Merge pull request #329 from petrelharp/stat_fun_docs

jeromekelleher · web-flow · commit 5f4613fc4c64 · 2019-08-23T10:47:10.000+01:00
listed summary functions
diff --git a/docs/stats.rst b/docs/stats.rst
@@ -408,3 +408,63 @@ For site statistics, summary functions are applied to the total weight or number
 associated with each allele; but if polarised, then the ancestral allele is left out of this sum.
 For branch or node statistics, summary functions are applied to the total weight or number of samples
 below, and above each branch or node; if polarised, then only the weight below is used.
+
+.. _sec_stat_functions:
+
+*****************
+Summary functions
+*****************
+
+For convenience, here are the summary functions used for many of the statistics.

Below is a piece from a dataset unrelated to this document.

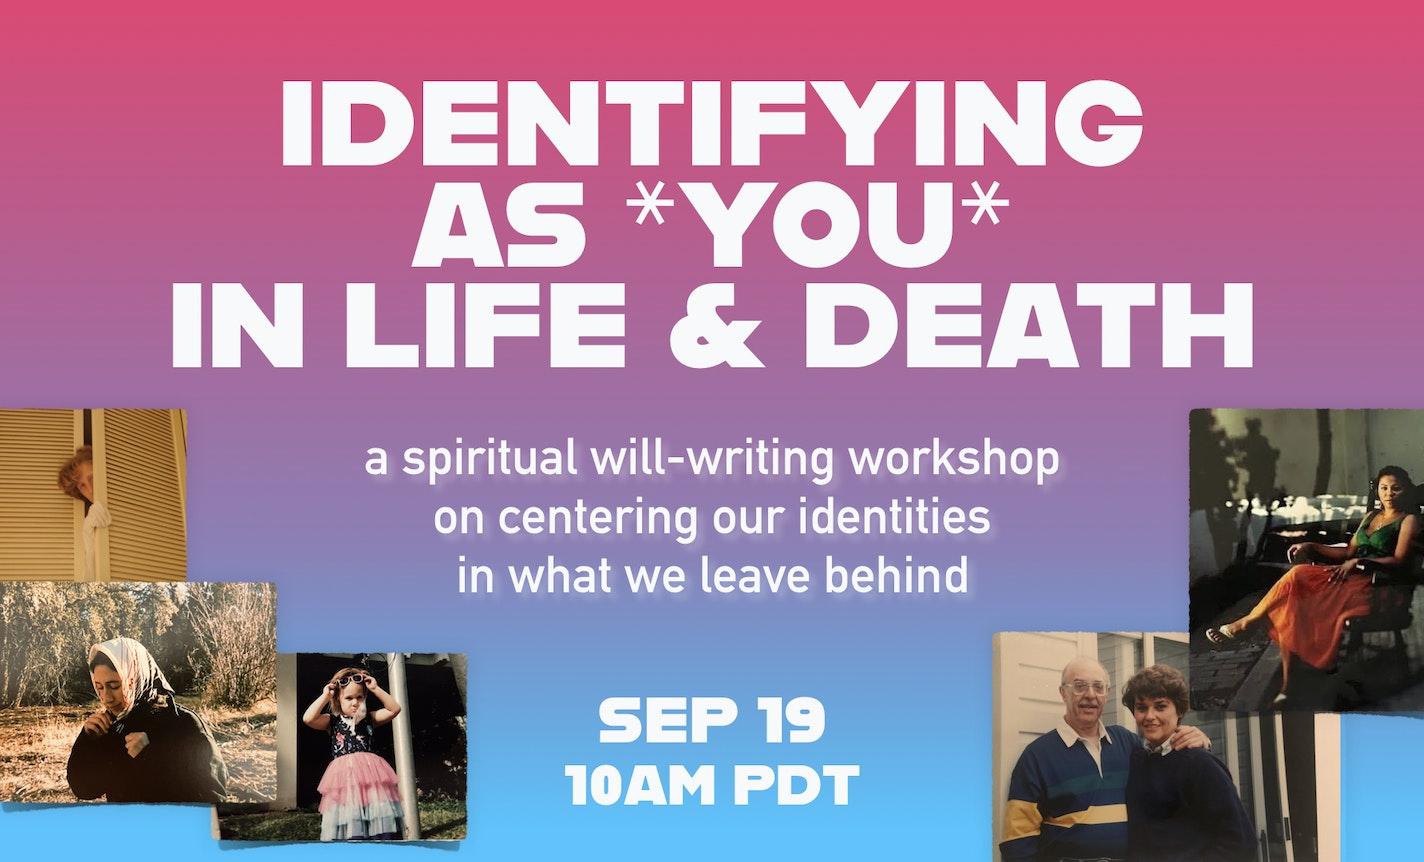 Spiritual Will-Writing: Identifying as You in Life & Death

+Below, :math:`x` denotes the number of samples in a sample set below a node,
+`n` denotes the total size of a sample set,
+and boolean expressions (e.g., :math:`(x > 0)`) are interpreted as 0/1.
+
+``diversity``
+   :math:`f(x) = \frac{x (n - x)}{n (n-1)}`
+
+``segregating_sites``
+   :math:`f(x) =  (x > 0) (1 - x / n)`
+
+   (Note: this works because if :math:`\sum_i p_1 = 1` then :math:`\sum_{i=1}^k (1-p_i) = k-1`.)
+
+``Y1``
+   :math:`f(x) = \frac{x (n - x) (n - x - 1)}{n (n-1) (n-2)}`
+
+``divergence``
+   :math:`f(x_1, x_2) = \frac{x_1 (n_2 - x_2)}{n_1 n_2}`,
+
+   unless the two indices are the same, when the diversity function is used.
+
+``Y2``
+   :math:`f(x_1, x_2) = \frac{x_1 (n_2 - x_2) (n_2 - x_2 - 1)}{n_1 n_2 (n_2 - 1)}`
+
+``f2``
+   :math:`f(x_1, x_2) = \frac{x_1 (x_1 - 1) (n_2 - x_2) (n_2 - x_2 - 1)}{n_1 (n_1 - 1) n_2 (n_2 - 1)}`
+
+``Y3``
+   :math:`f(x_1, x_2, x_3) = \frac{x_1 (n_2 - x_2) (n_3 - x_3)}{n_1 n_2 n_3}`
+
+``f3``
+   :math:`f(x_1, x_2, x_3) = \frac{x_1 (x_1 - 1) (n_2 - x_2) (n_3 - x_3)}{n_1 (n_1 - 1) n_2 n_3}`
+
+``f4``
+   :math:`f(x_1, x_2, x_3, x_4) = \frac{x_1 x_3 (n_2 - x_2) (n_4 - x_4)}{n_1 n_2 n_3 n_4}`
+
+``trait_covariance``
+   :math:`f(w) = \frac{w^2}{2 (n-1)^2}`,
+
+   where :math:`w` is the sum of all trait values of the samples below the node.
+
+``trait_correlation``
+   :math:`f(w, x) = \frac{w^2}{2 x (1 - x/n) (n - 1)}`,
+
+   where as before :math:`x` is the total number of samples below the node,
+   and :math:`n` is the total number of samples.
+
+``trait_regression``
+   :math:`f(w, z, x) = \frac{1}{2}\left( \frac{w - \sum_{j=1}^k z_j v_j}{x - \sum_{j=1}^k z_j^2} \right)^2`,
+
+   where :math:`w` and :math:`x` are as before,
+   :math:`z_j` is the sum of the j-th normalised covariate values below the node,
+   and :math:`v_j` is the covariance of the trait with the j-th covariate.